Thursday, 24 August 2017

Diagnostic Challenge of Renal Angiomyolomas


Renal angiomyolipomas (AML) are benign neoplasms, arising from perivascular epithelioid cells. They are very rare tumors and are strongly associated with tuberous sclerosis. Their incidence in the general population is very low, approximately 0.3-2.4%, and were described as first time in 1880 by Bourneville and Brissard. Most patients with renal AML are asymptomatic. The dreaded complication is spontaneous retroperitoneal hemorrhage. Due to that, prophylactic surgery is recommended to prevent hemorrhage in patients with tumor size larger than 8 cm in diameter. Here we describe a young woman who presented with severe abdominal pain and was found to have underlying renal angiomyolipoma complicated with active hemorrhage.
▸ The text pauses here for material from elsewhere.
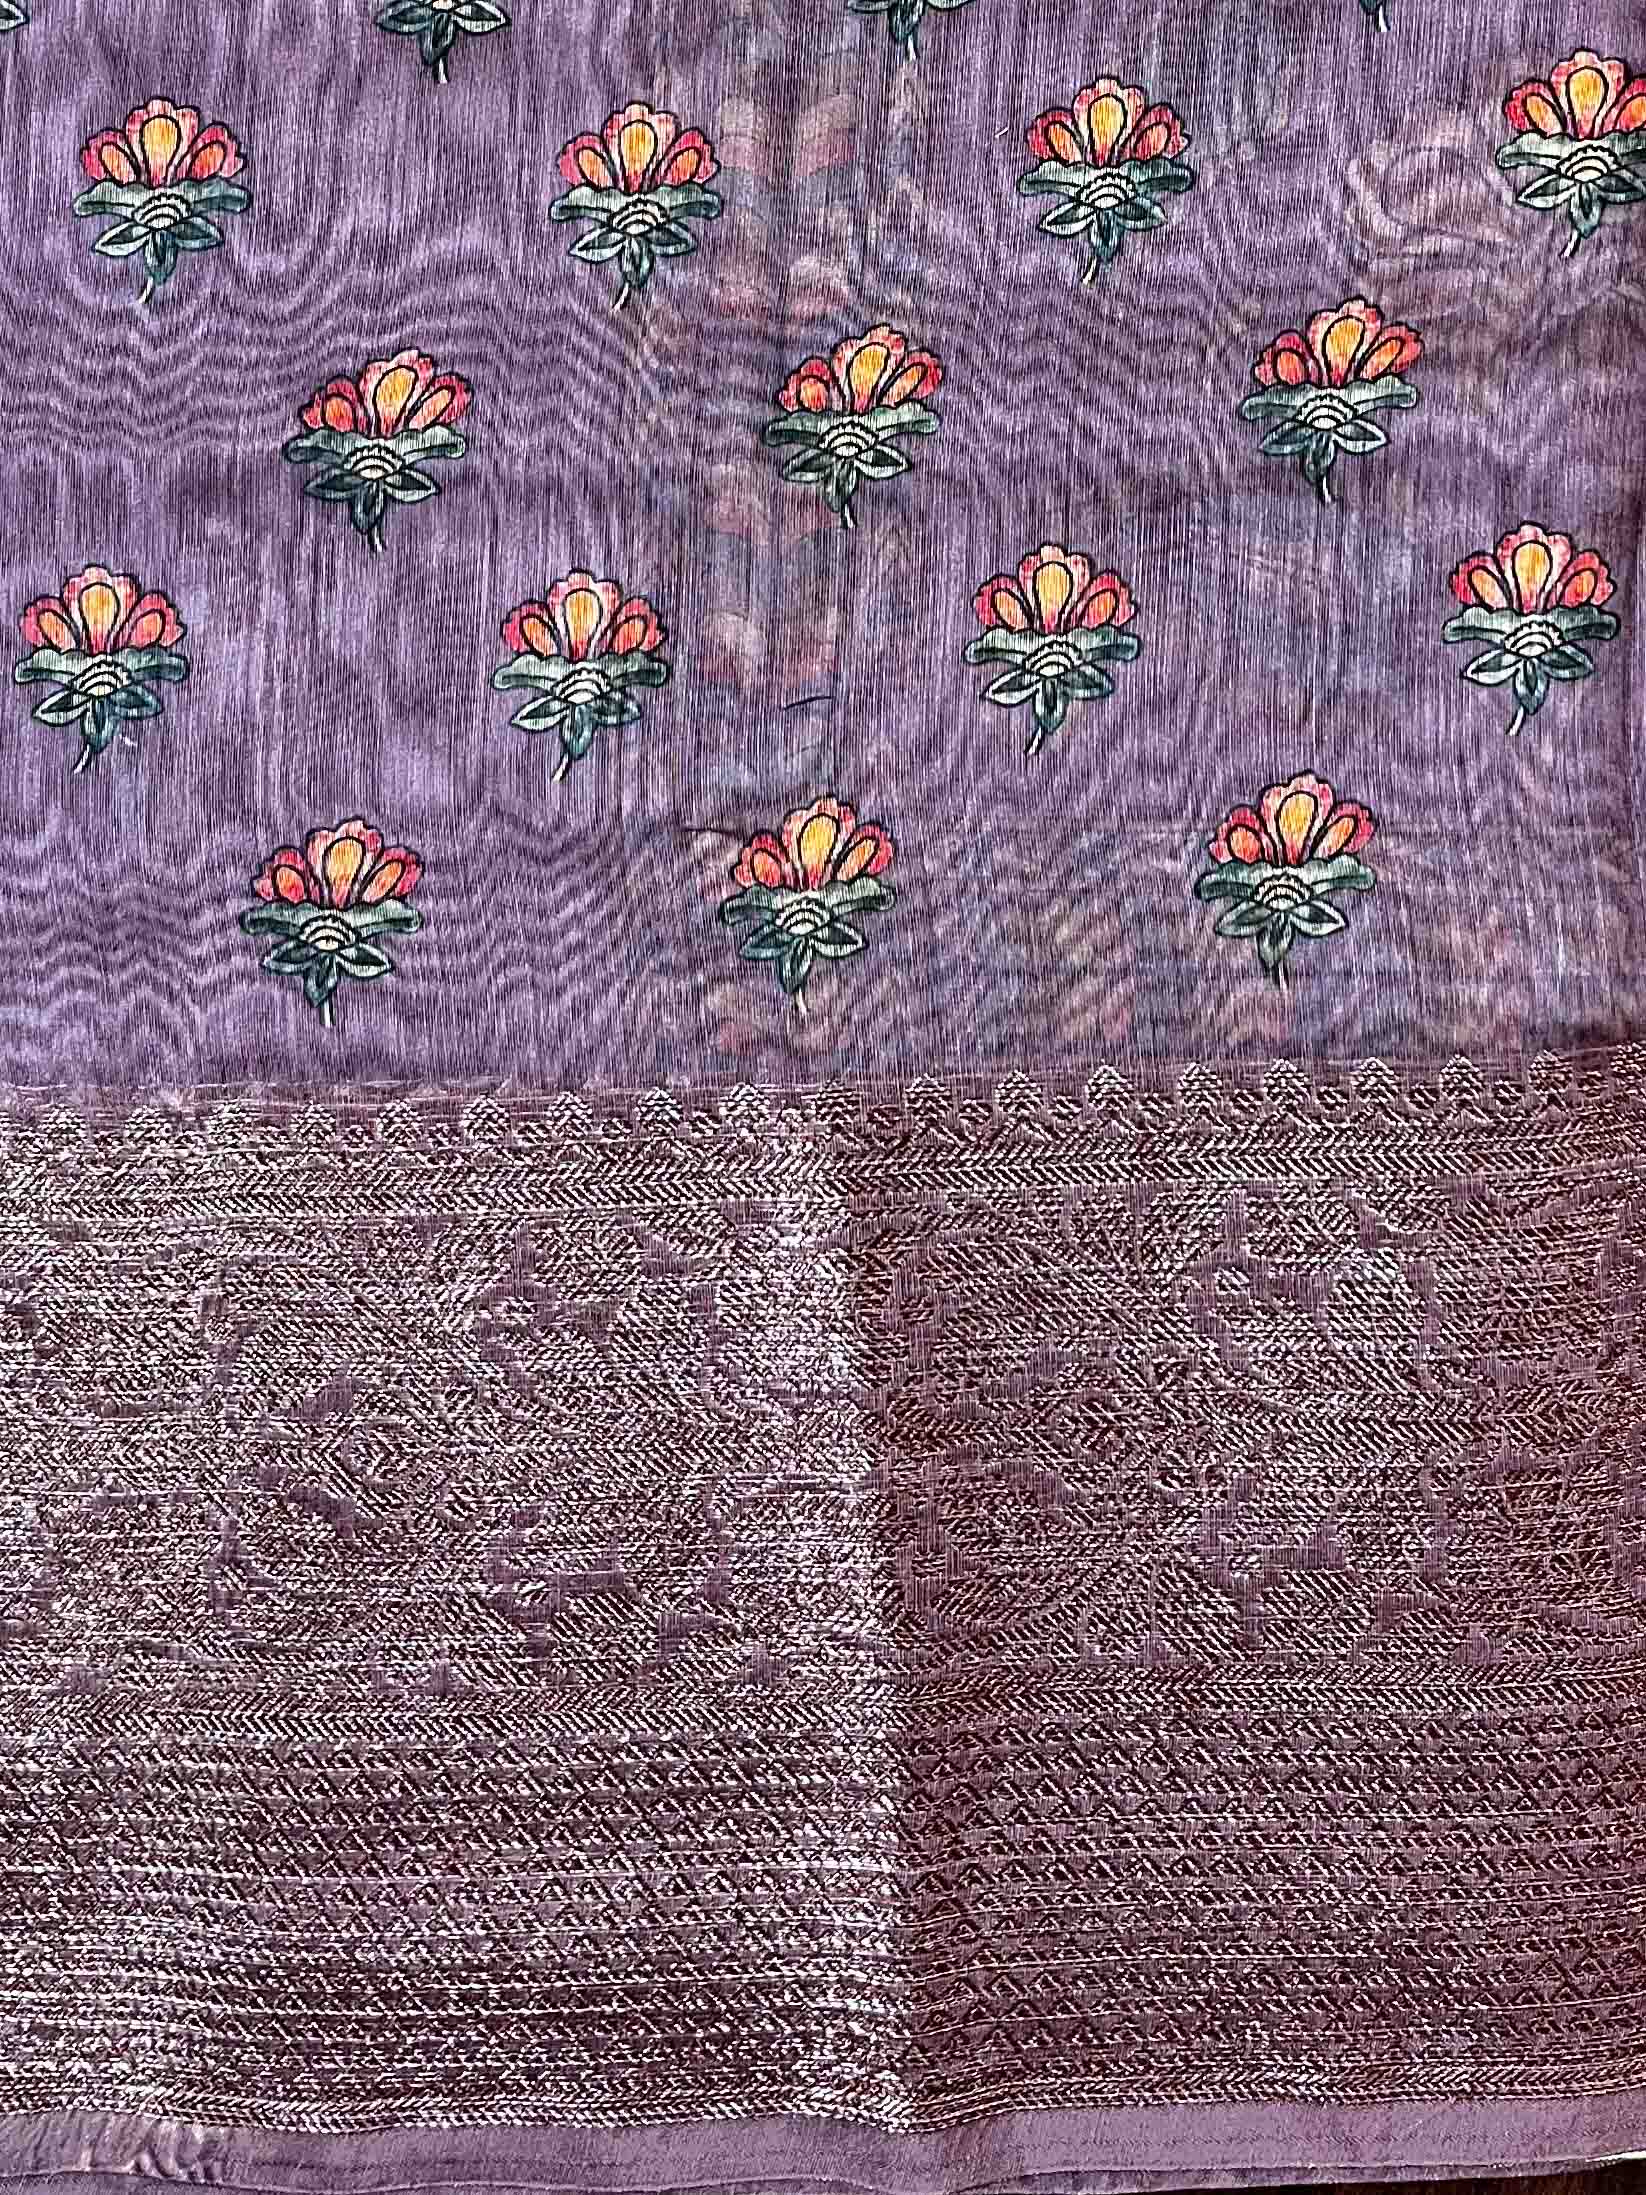 Banarasee Handloom Chanderi Digital Print Saree With Antique Zari Design-Purple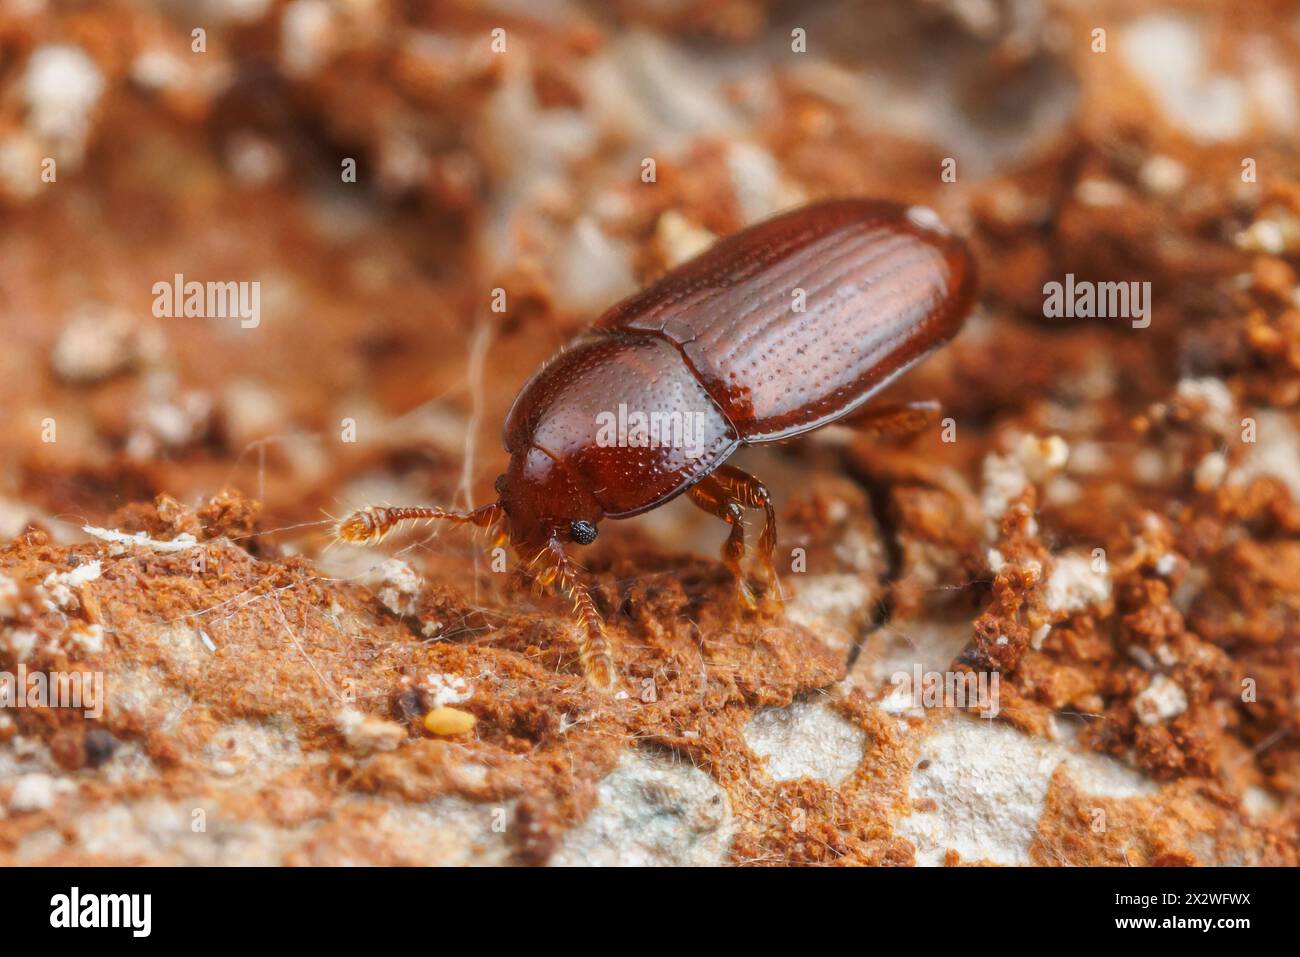 Minute Bark Beetle (Philothermus glabriculus) Stock Photo

A 21-year-old woman presented with sudden onset right flank and right lower quadrant abdominal pain that began when she woke up that morning. She described the pain as sharp, knife like, non-radiating, 7/10 in intensity, aggravated by minimal movement and relieved by lying still, associated with nausea and 1 episode of non-bloody vomiting. She also reported an episode of syncope earlier that day, when she lost consciousness for few seconds. She denied hitting her head, seizure like activity or post syncopal confusion. Patient denied abdominal injury, recent illness, foreign travel, fever, chills, change in bowel or bladder habits and vaginal discharge. She had no significant past medical or surgical history. She was not taking any medications. She was never married or pregnant. Her menstrual cycles were irregular. Last menstrual period was 20 days prior to admission. She reported being sexually active and used condoms for protection. She denied any significant family history. On physical examination, patient was afebrile and vitally stable. She had severe tenderness to palpation in the right upper and lower abdomen and right flank. Normoactive bowel sounds were present. Attending to blood tests, complete blood count and comprehensive metabolic panel were within normal limits except for a normochromic normocytic anemia with hemoglobin of 11.6 g/dl and minimal leukocytosis (WBC 11.1 u/kL). Urine analysis and urine pregnancy test were negative. Chest x ray was unremarkable. CT scan of abdomen and pelvis with contrast (Figure I) was obtained, which revealed a 17.5 x 13.8 x 13.1 cm retroperitoneal mass arising from the right kidney.

The mass was composed of fatty and soft tissue components along with blood products. A differential diagnosis of ruptured angiomyolipoma and malignant tumors such as liposarcoma were considered. Considering patient’s young age, acuity of symptom onset and the fact that the mass arised from the kidney, the diagnosis of renal angiomyolipoma was determined to be more likely. The patient had no stigmata of tuberous sclerosis on physical examination. Initially, we decided to proceed with conservative management but within a time span of 12 hours, patient’s hemoglobin decreased to 9.5 g/dl. Interventional radiologist was consulted for the management of ongoing bleeding. Emergency arteriogram with super selective embolization of AML with alcohol and coil was performed through the lower pole of right renal artery. A CT guided biopsy of right renal lesion was also performed. Histological examination confirmed our diagnosis of renal angiomyolipoma. The patient was monitored in Intensive care unit for few more days and was subsequently discharged as she improved. She is planned to undergo elective resection of angiomyolipoma at a future date.